To think that there would be a God and God would not choose to communicate His nature, attributes, and will for us is unreasonable.  We know from nature and conscience that there is a God and that He has moral demands—but what is that God like and what are His demands?  If we look to nature, we can come up with all kinds of speculations about the nature of God—even worshipping nature itself—with innumerable ideas about Him.  How would you know?  If we look to conscience, it becomes very subjective—some would say this is right and some would say it is wrong—and we would find nothing authoritative to guide us.

It is reasonable then that God would choose to communicate to us clearly.  That we—as creatures made in His image—communicate with each other, and those words reveal who we are, points to a higher Being who would communicate in a flawless manner.  The medium of communication is words. If you want to build a brick house, you need bricks.  If you want to construct an automobile, you need auto parts.  If you want to communicate, you need words.  Humans communicate with words—we speak them, compose songs, write poetry, post on social media, text, email, and the like.  It is a wondrous, God-given trait.  This is also His way of communicating with us via His Word—the Bible.  That makes sense, doesn’t it?

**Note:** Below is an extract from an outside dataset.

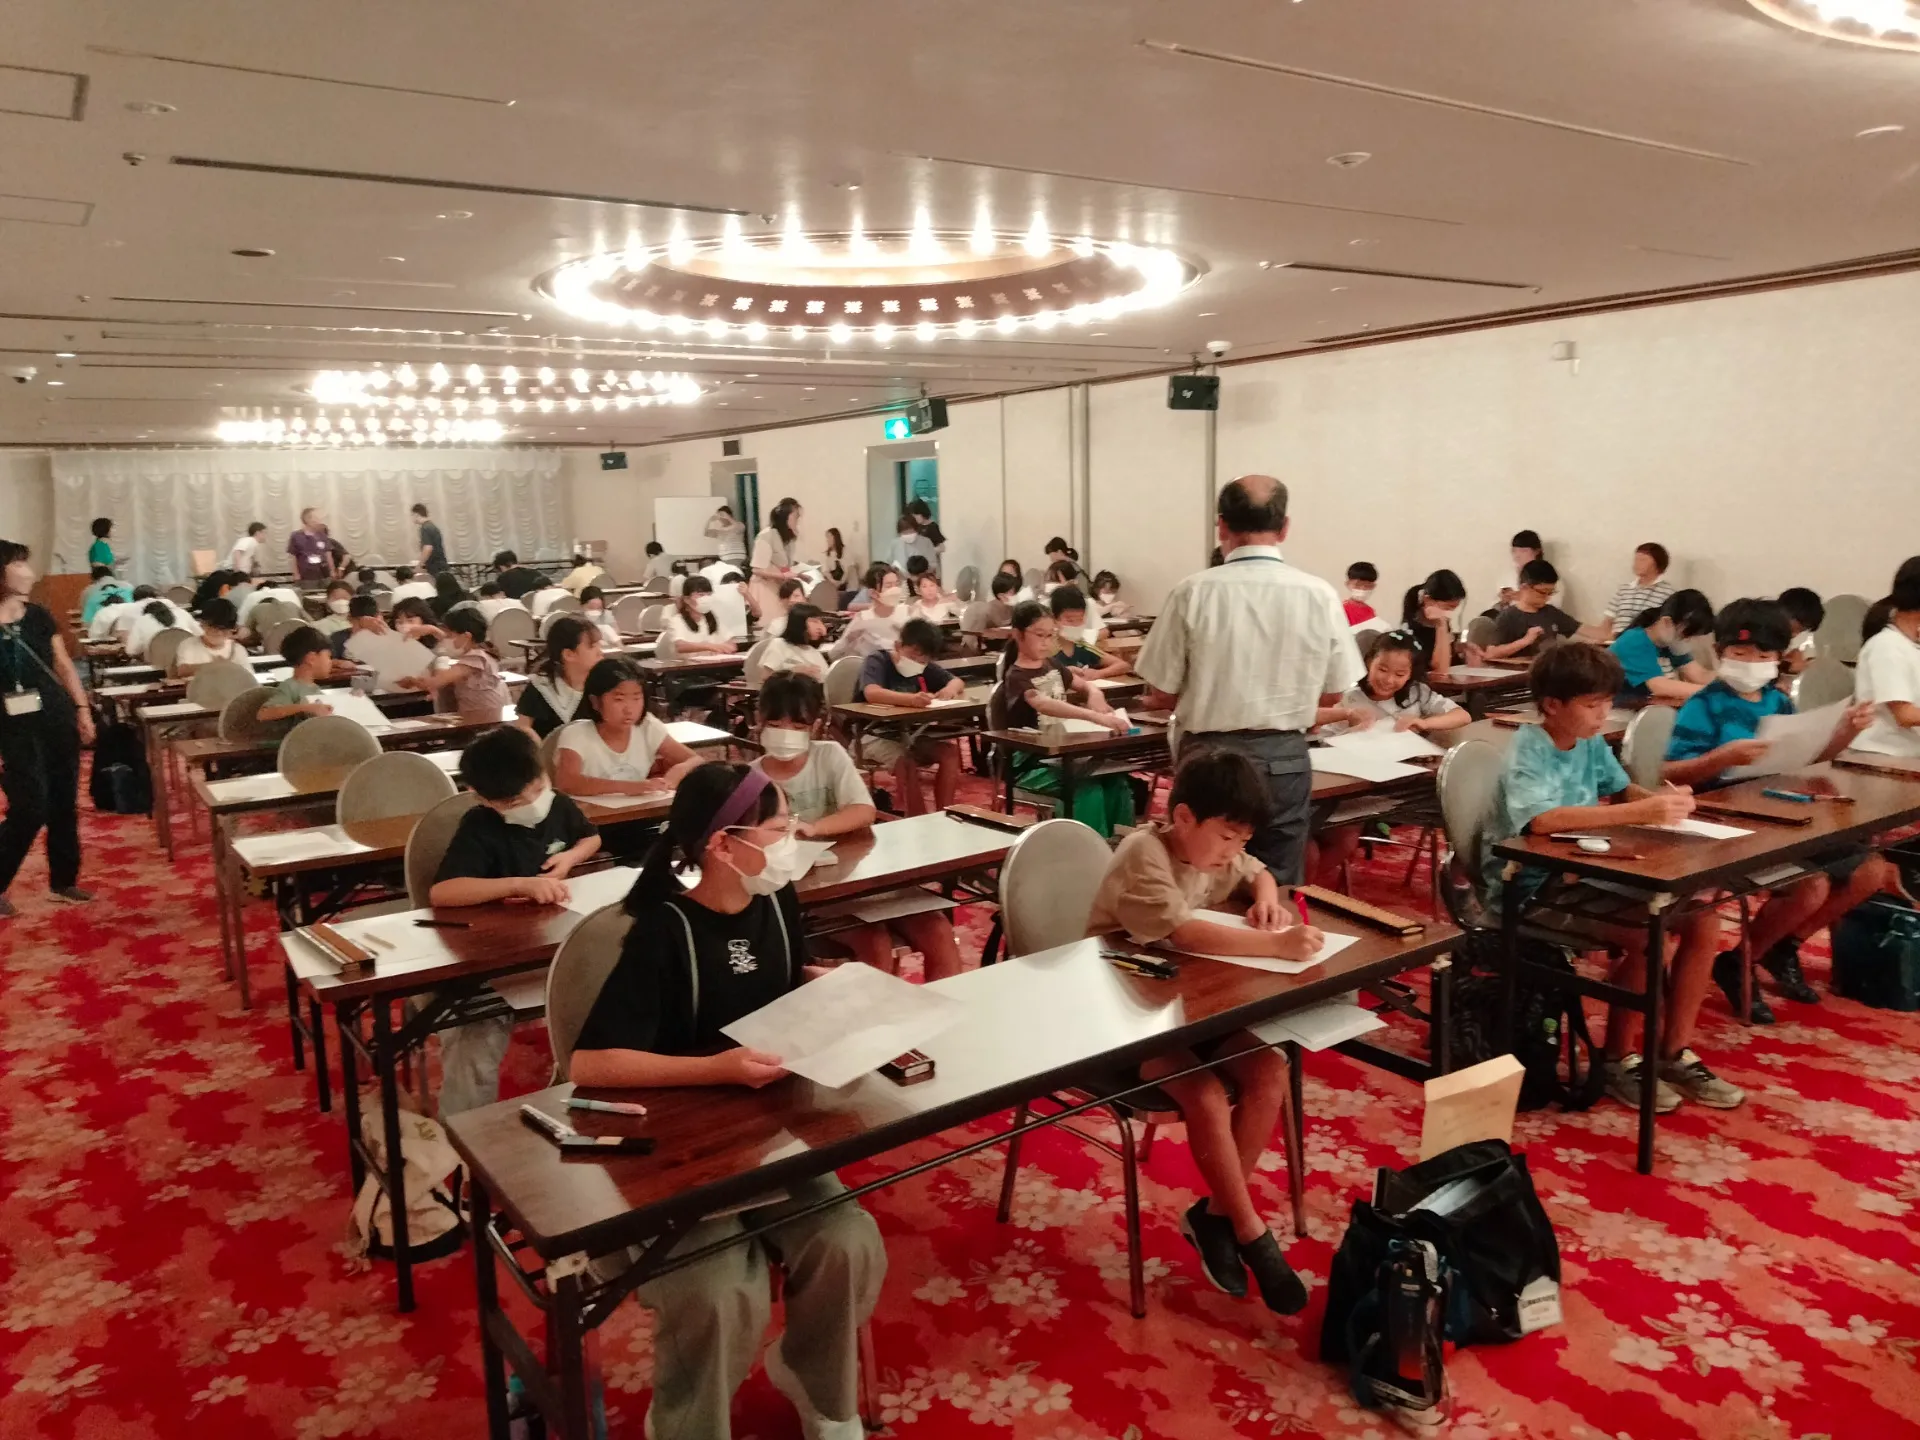 【珠算教室】夏休みセミ合宿参加してきました。

We do not want people to lie to us—and yet they do.  But we do not like it, and we would certainly think it unreasonable that an infinitely higher moral Being than even the most honest of mortals should lie.  He does not.  What has been given by God is perfect as He is—inerrant and infallible.

The best way for God to communicate in an accurate and enduring manner would be for it to be written communication.  We don’t have to rely on our memory—that is a dangerous thing.  If I want to recall something, I better write it down!  We don’t have to rely on oral traditions handed down by word of mouth from generation to generation.  Did you ever play the “Gossip Game?”  You know—you whisper a sentence in someone’s ear, and then they do it to the next person, and as it is relayed down the line, by the time it reaches the last person, what is spoke barely resembles what was first uttered.  God’s message would get that twisted.  Instead, we can look it up and read it.  Rather than trying to recall the ingredients of a cake with precise measurements and baking time, we can open a cookbook and look at the recipe—and God’s recipe for successful life is found in His Book.  We might try to recall the directions the man in the convenience store told us about how to reach our destination, but looking at a map is far better—and God’s roadmap for reaching heaven is the Bible.

The existence of God and the nature of man provide the logical rationale for why we must have the Bible.  It just makes sense!